*** INFORMATION SHOWN ***

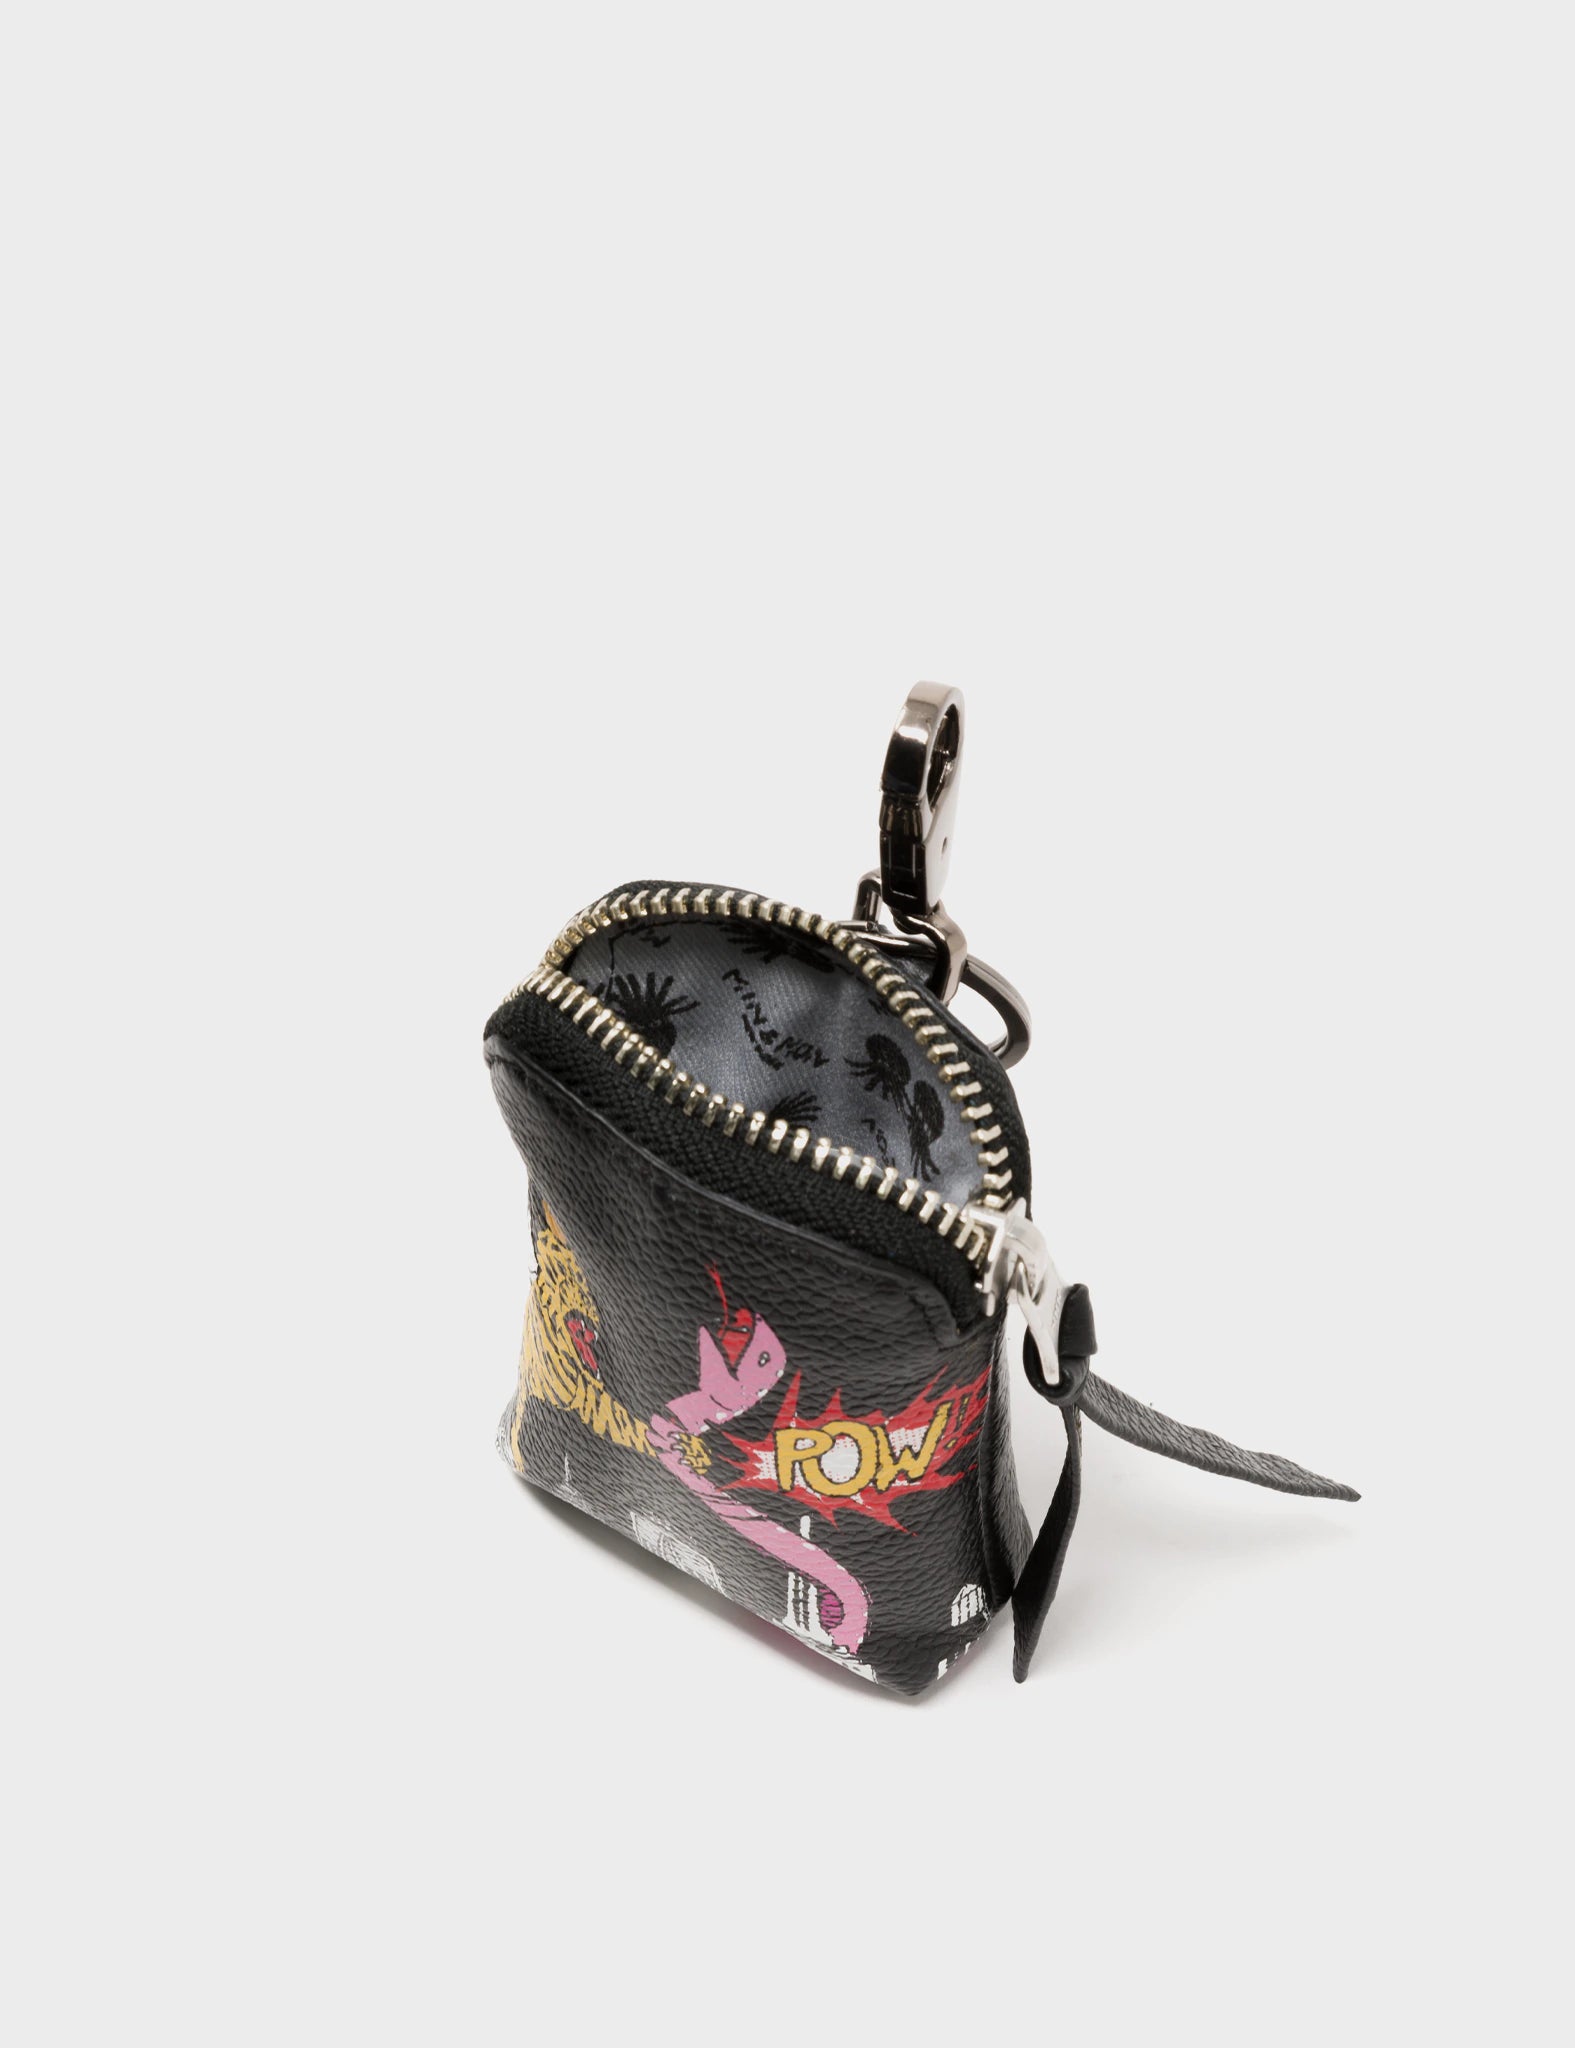 Giftale Women's Flower Bag Charms Enameled Keychain Purse Accessories | eBay
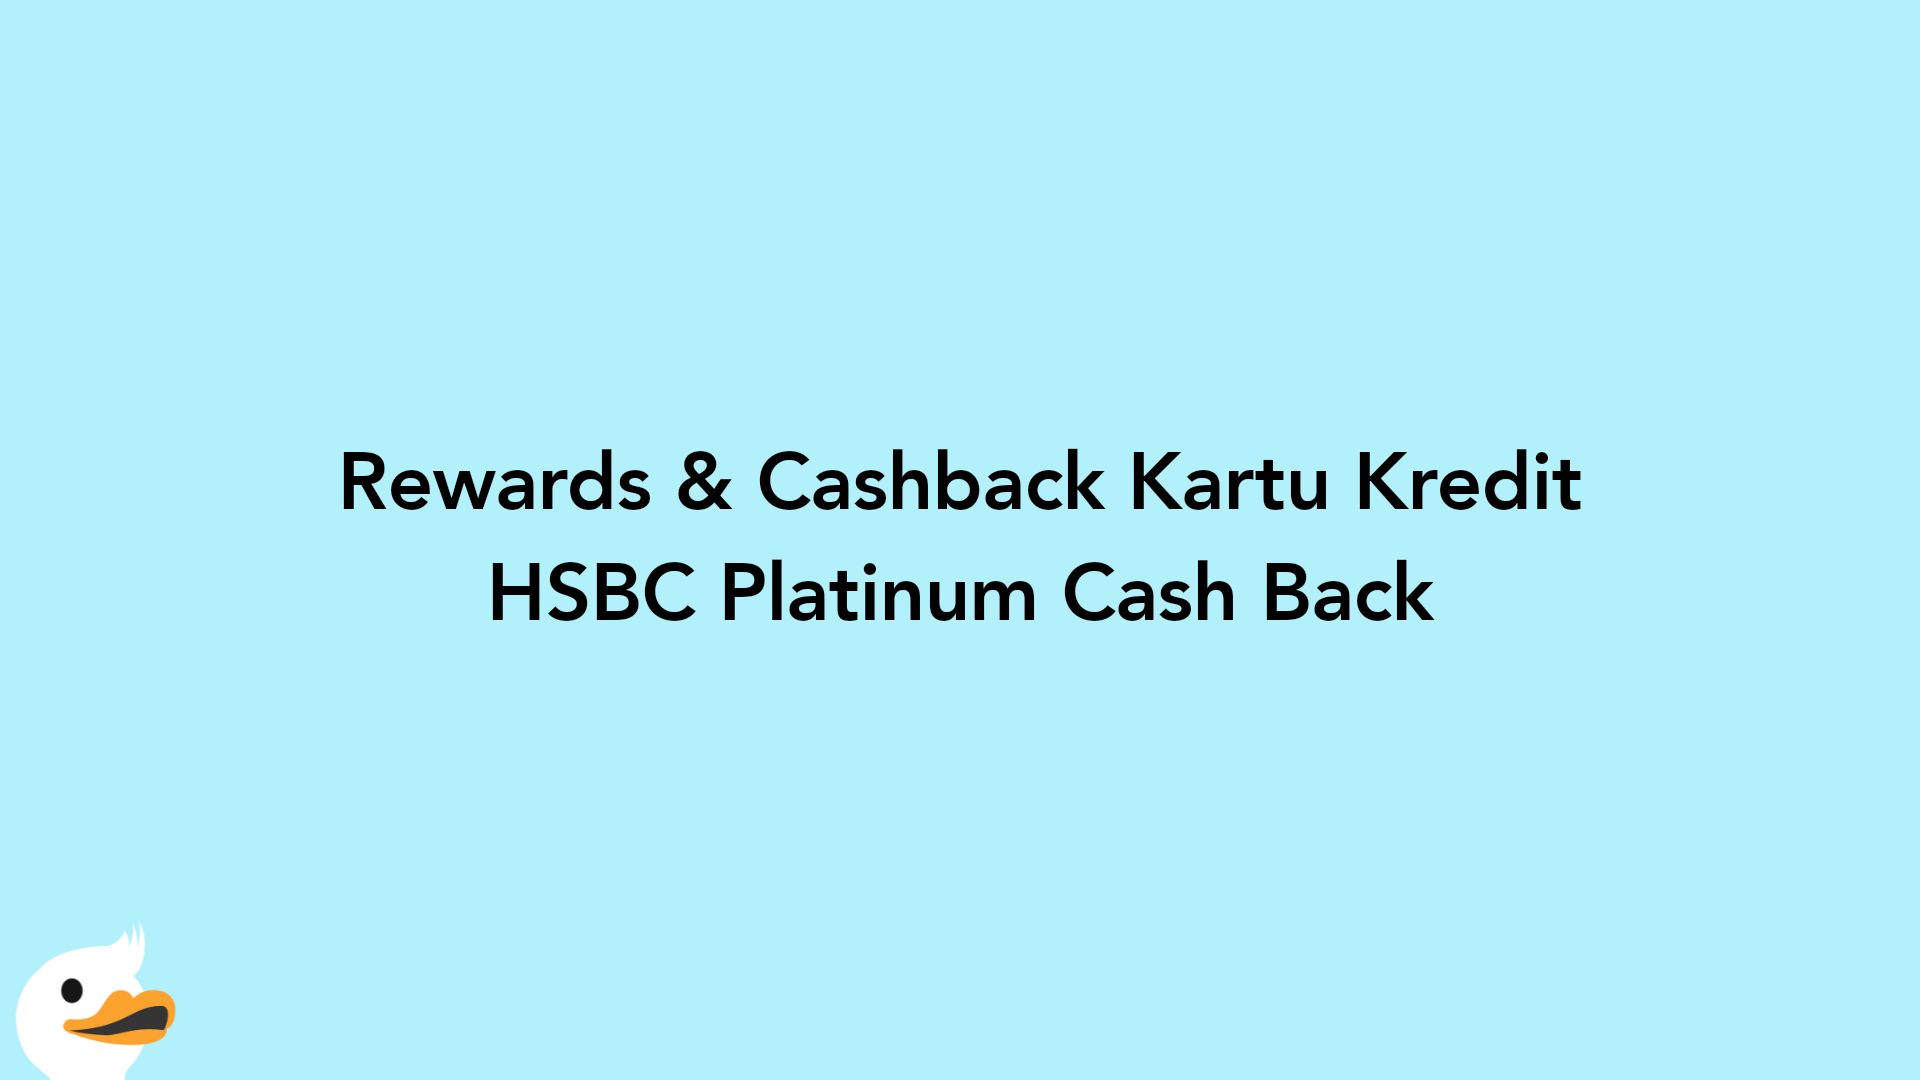 Rewards & Cashback Kartu Kredit HSBC Platinum Cash Back
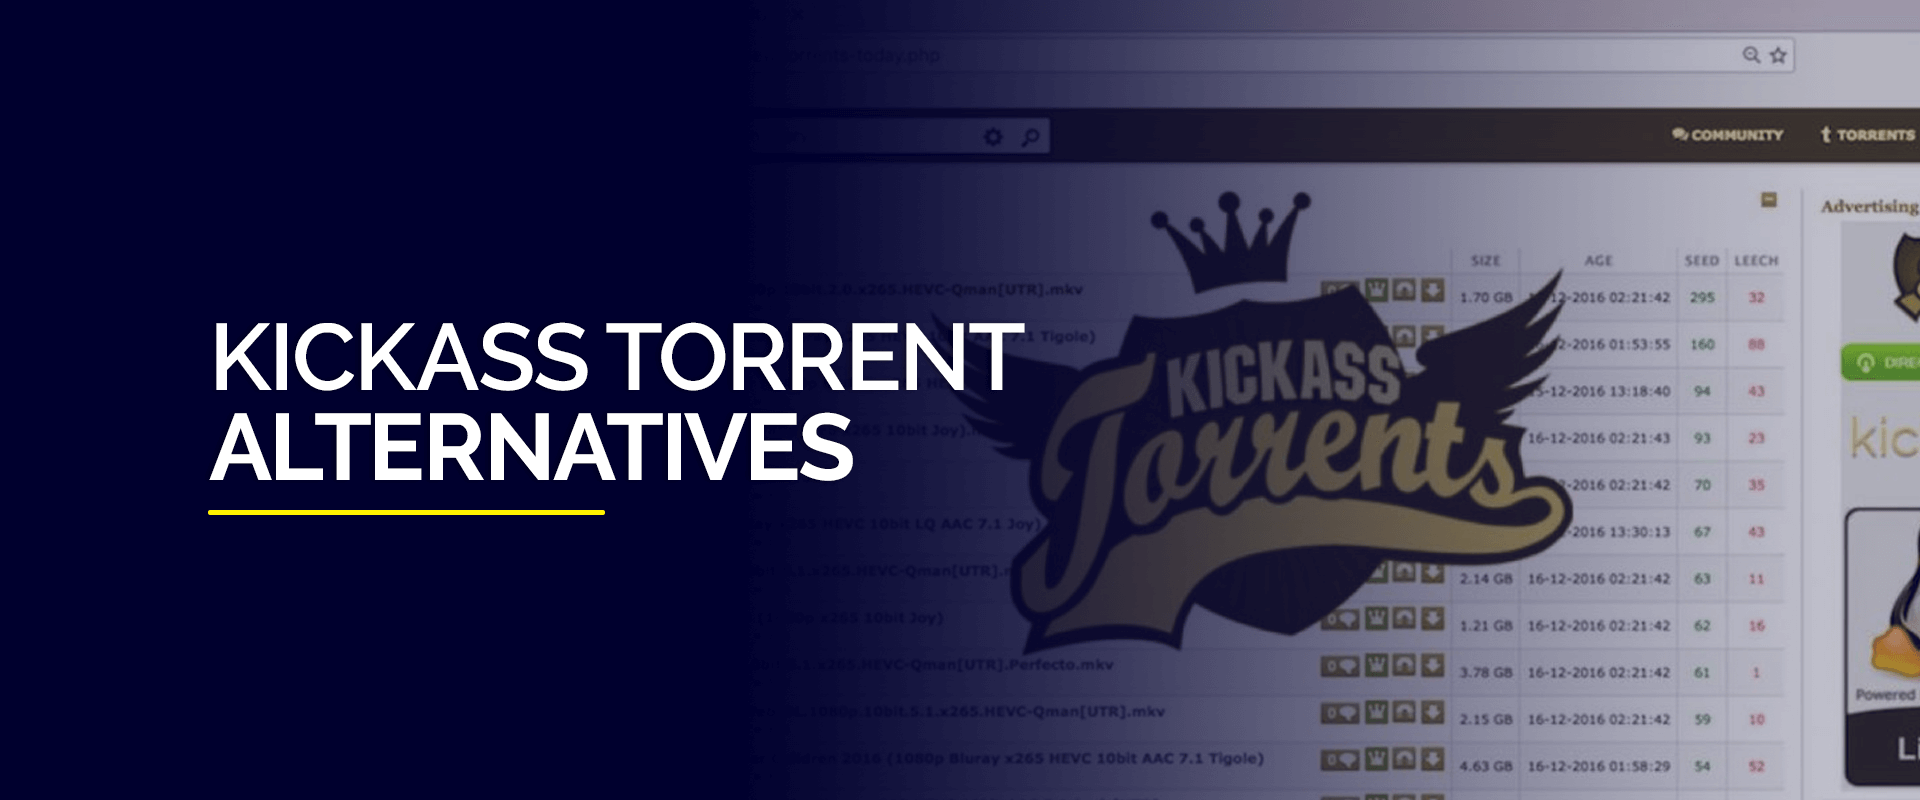 kickass torrent porn games for mac download

*** End of INFORMATION SHOWN ***

» TASK INSTRUCTIONS
The answer must be the full listing above, copied exactly, with no pictures in it.

» TASK SOLUTION
 Giftale Women's Flower Bag Charms Enameled Keychain Purse Accessories | eBay
 Rewards & Cashback Kartu Kredit HSBC Platinum Cash Back
 kickass torrent porn games for mac download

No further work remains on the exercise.